Alex Jones just annoys me with his half-digested info, paranoia, and general lack of discernment. But Glenn Beck is starting to
scare me.
For one thing, Beck has a much larger audience and much broader appeal than Jones. My grandparents adore him, but they've never heard of Alex Jones.
For another thing, since making the move to Fox News, Beck has been talking about a lot of things that are, frankly, bats*** insane. A few could be straight out of Alex Jones's mouth:
FEMA camps, American Communism, etc. Beck and Jones even hosted Chuck Norris on their radio shows in the same week, since he's promoting his book
Black Belt Patriotism.
But incredibly, it's Beck who's taking things too far and showing signs of instability these days. He brought up the idea of an
American anti-government militia to Norris. Then there's this:
2 comments:
I remember back in the 90s when the militia movement was big and have been thinking recently that it's making a come back. When a group is marginalize they become populist. When the right felt marginalized during Clinton's administration they began forming populist groups, many of which were in the tradition of their heroes, the Constitutional militias of yore.

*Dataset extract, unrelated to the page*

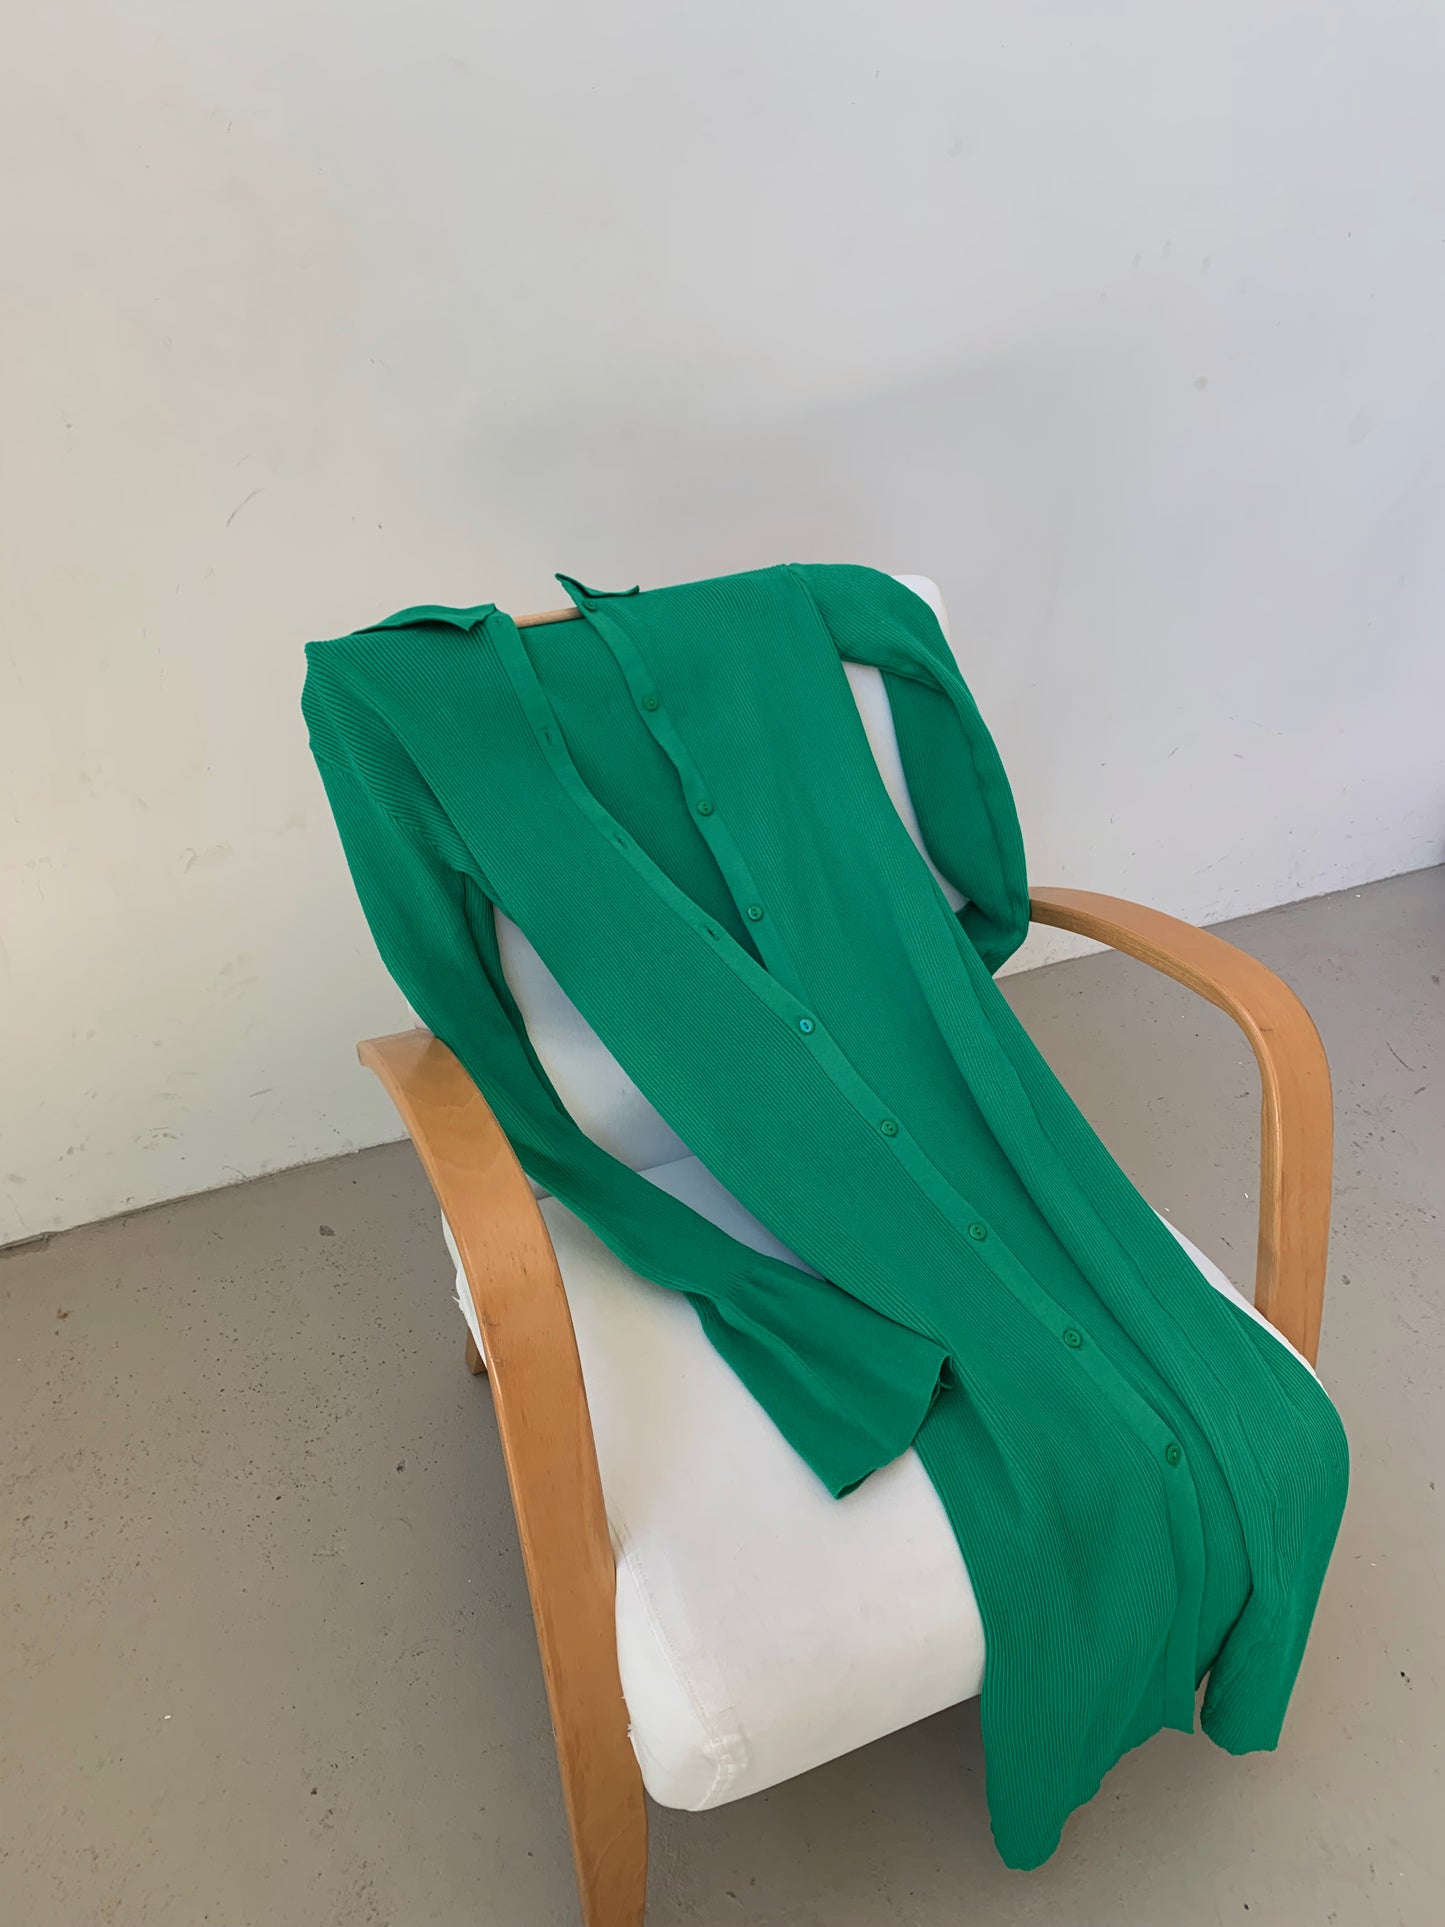 Green Rib Knitted Collared Midi Dress via Chouette Club

As a counter point during Bush's terms the left was marginalized into being populist and they did what they do and protested in the tradition of their heroes, civil rights leaders. And so the pendulum swings.
Now the pendulum has returned. The right likes a martyr, preferably someone pushed to becoming what the left often accuses them of. This makes them all feel like justified martyrs by extension. They often pick the gun totting, middle class, factory worker, who whips out his David's Tool Kit when he just can't take it anymore. Failing that they pick a farmer as their Robin Hood or pride, same conditions otherwise.

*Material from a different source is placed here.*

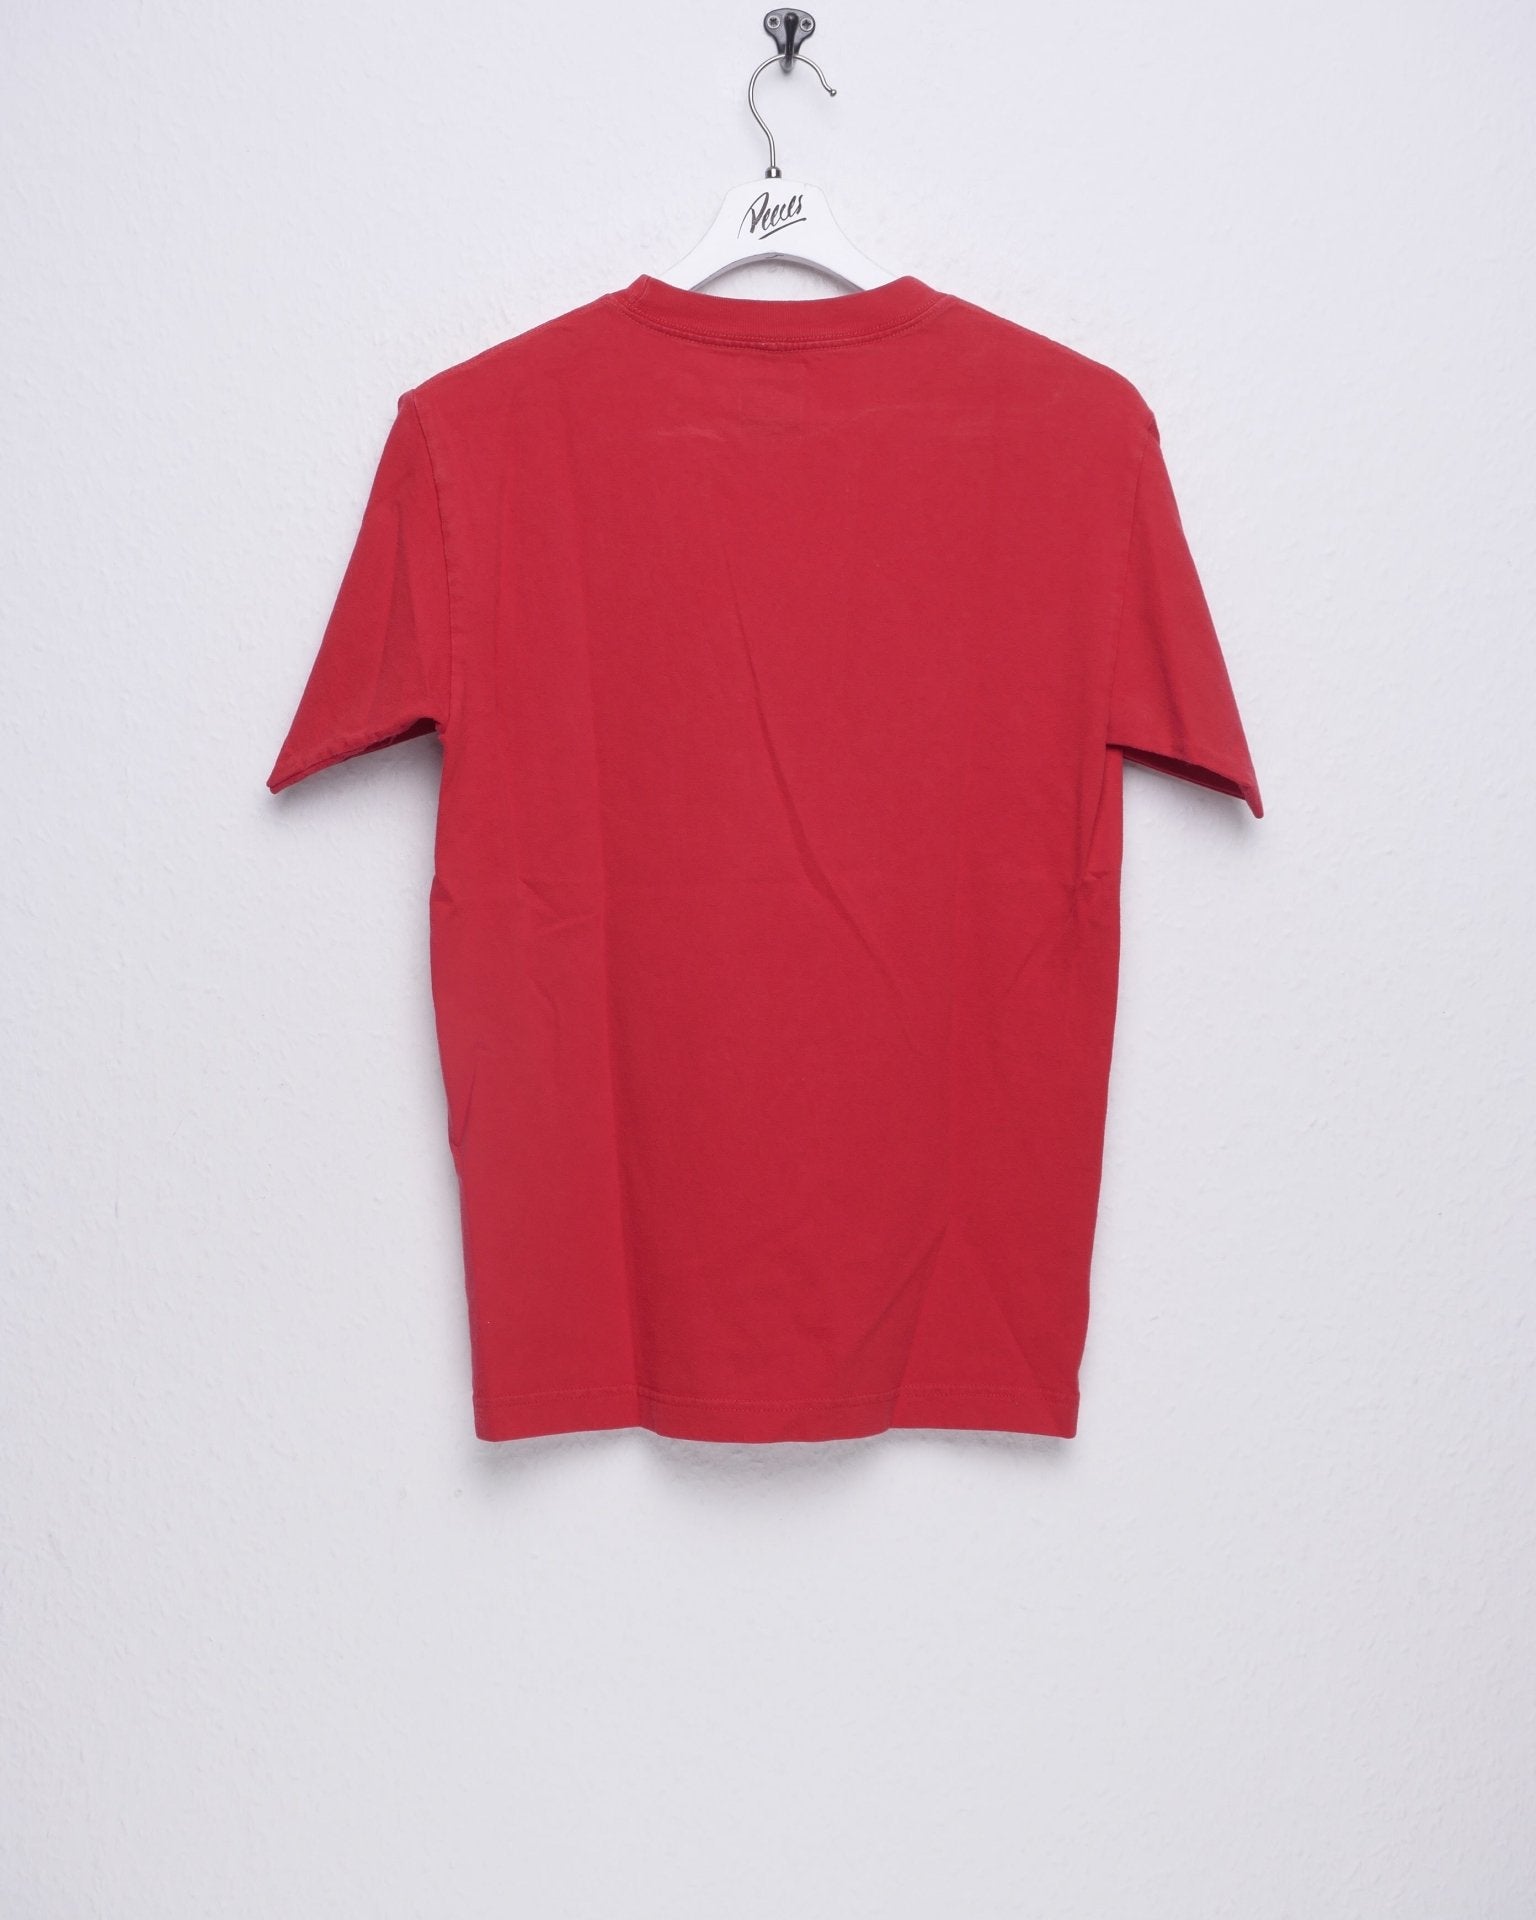 Reebok printed Spellout Washingtin Capitals red Shirt - Peeces

I think this is actually a somewhat predictable grasping at straws by a population that feels disenfranchised. The equivalent on the left is accusing everyone of being Hitler. I'll wager that this is part of a mass flinch as the right adapts to their new positions as the political under class.
It is, indeed, a predictable populist "uprising" and a period of adjustment. To date, both the populists and the newly disenfranchised right are behaving within the bounds of propriety, so I'm not going to pass judgement on either side.